A few thoughts:
No amount of testing (or field experience for that matter) can remove uncertainty completely. With PROPER use of statistics, the uncertainty can be quantified. When available data is ABUNDANT, the statistical confidence may approach certainty, but it will almost never become certainty, and in most cases it's too impractical an approach anyway.
Inherently Safe Design (ISD) vs. Protective Measures (PM) -
Categorisation is meaningless in the absence of specific context. A given means might be either.
A hazard is defined as a potential source of harm. For example, a device that employs electrical potential (for convenience, think about voltage, electric current, capacitors etc.) might have a potential for electric shock. If the device is designed to achieve the same purpose without employing (or potentially harbouring) electrical potential, it won't have the potential to cause an electric shock - no matter what. That's ISD - removal of the hazard altogether.

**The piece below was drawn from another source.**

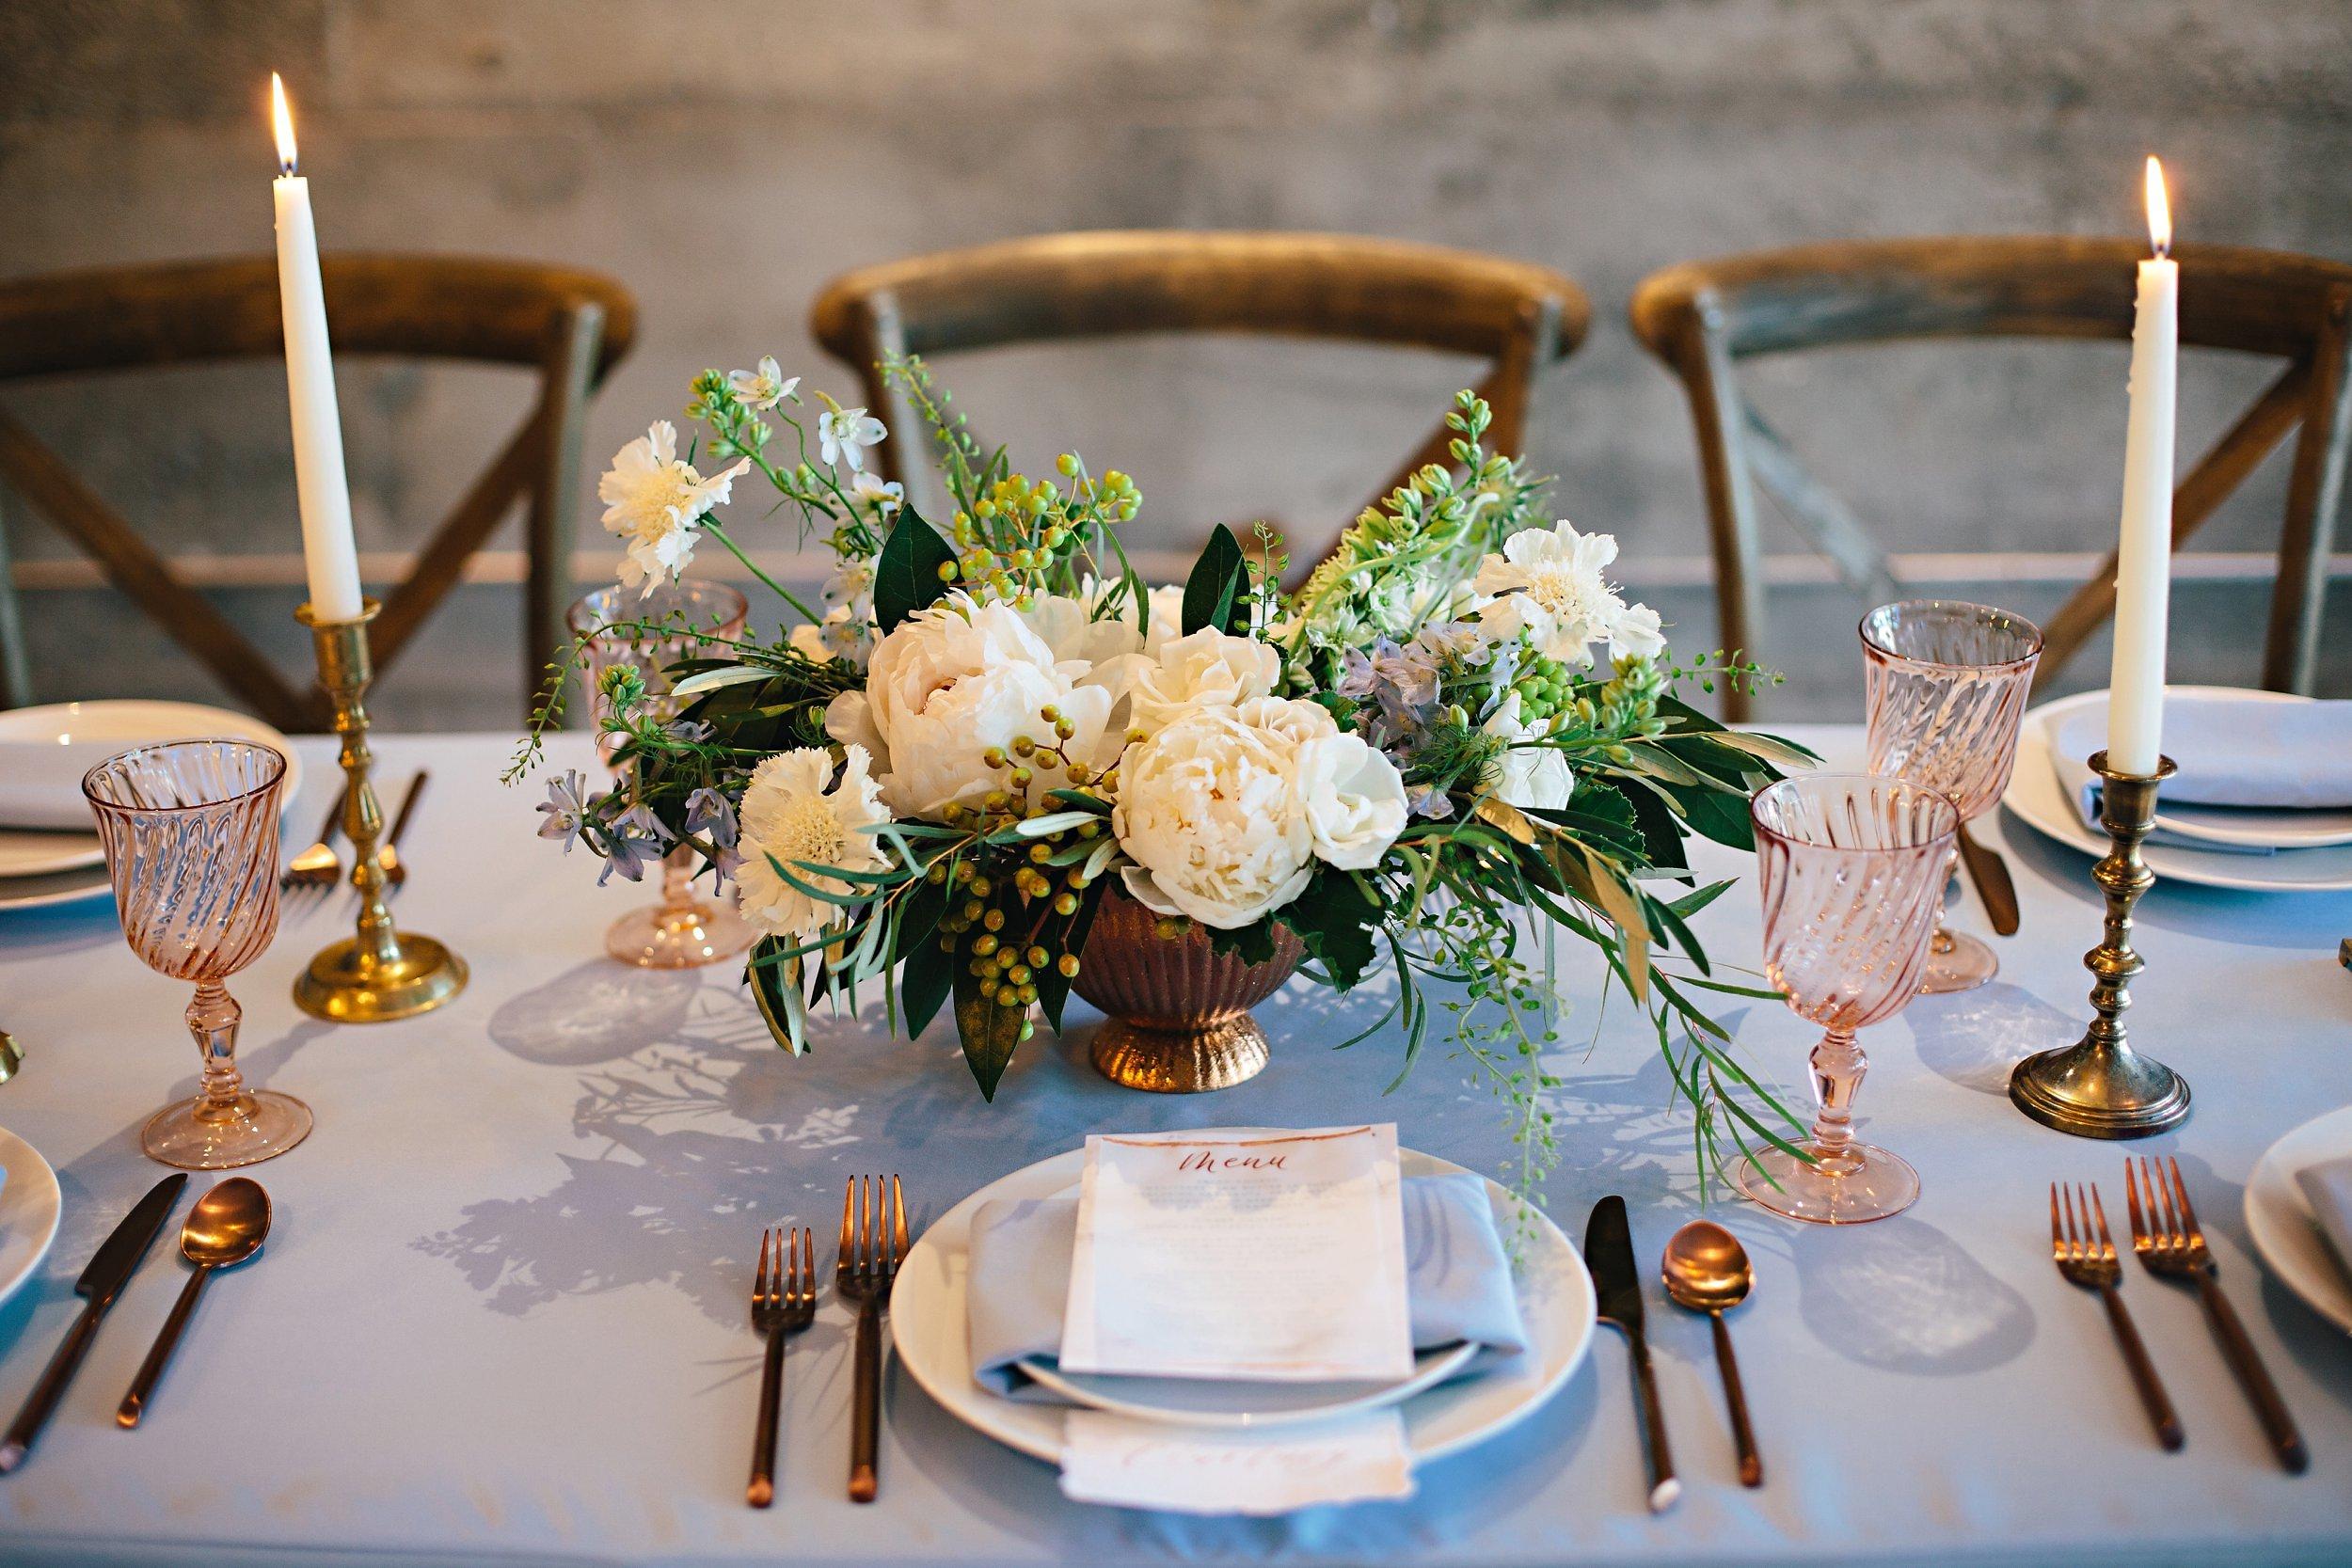 Copy of Summer Garden Wedding: Tabletop floral

PM don't remove the hazard, but instead interfere with the formation/unfolding of the hazardous situation and it's further eventuating in harm. The hazard is still there, but the probability of it eventuating in harm is reduced. This can be done through attacking any of the steps or ingredients necessary for the actual harm to come about.
I believe that this view may be used to neatly resolve this confusion. ISD - remove the hazard altogether; PM - interfere with the path from hazard to harm. According to this view most mitigation means will reveal themselves as PM. True ISD is quite rare as a retroactive risk mitigation path; it'd more often be built into the selected design concept from the outset.
As can be seen, the answer to whether a specific means is ISD or PM depends on how the hazards and hazardous situations have been called out.
P=1 for SW PM -
Mainstream risk analysis methodology addresses Single Fault Condition (SFC). Why? Because otherwise it's quite likely that no complex device will ever be deemed safe while still being economically viable (which means it won't exist in reality). Under SFC one should not speculate that both the risky element and the PM intended to mitigate the same risk will fail simultaneously. So where the risky element fails the SW PM should be assumed to work as intended (provided that it passed design verification), i.e. failure P=0. Where the SW PM fails (may well be considered at P=1), the risky element that that SW PM was put in place to cover for should be assumed to be performing to spec. Problem solved.
If you reject the argument above you must be willing to conduct Multiple Fault Condition analysis across the board, at least for a number of simultaneous faults N=2.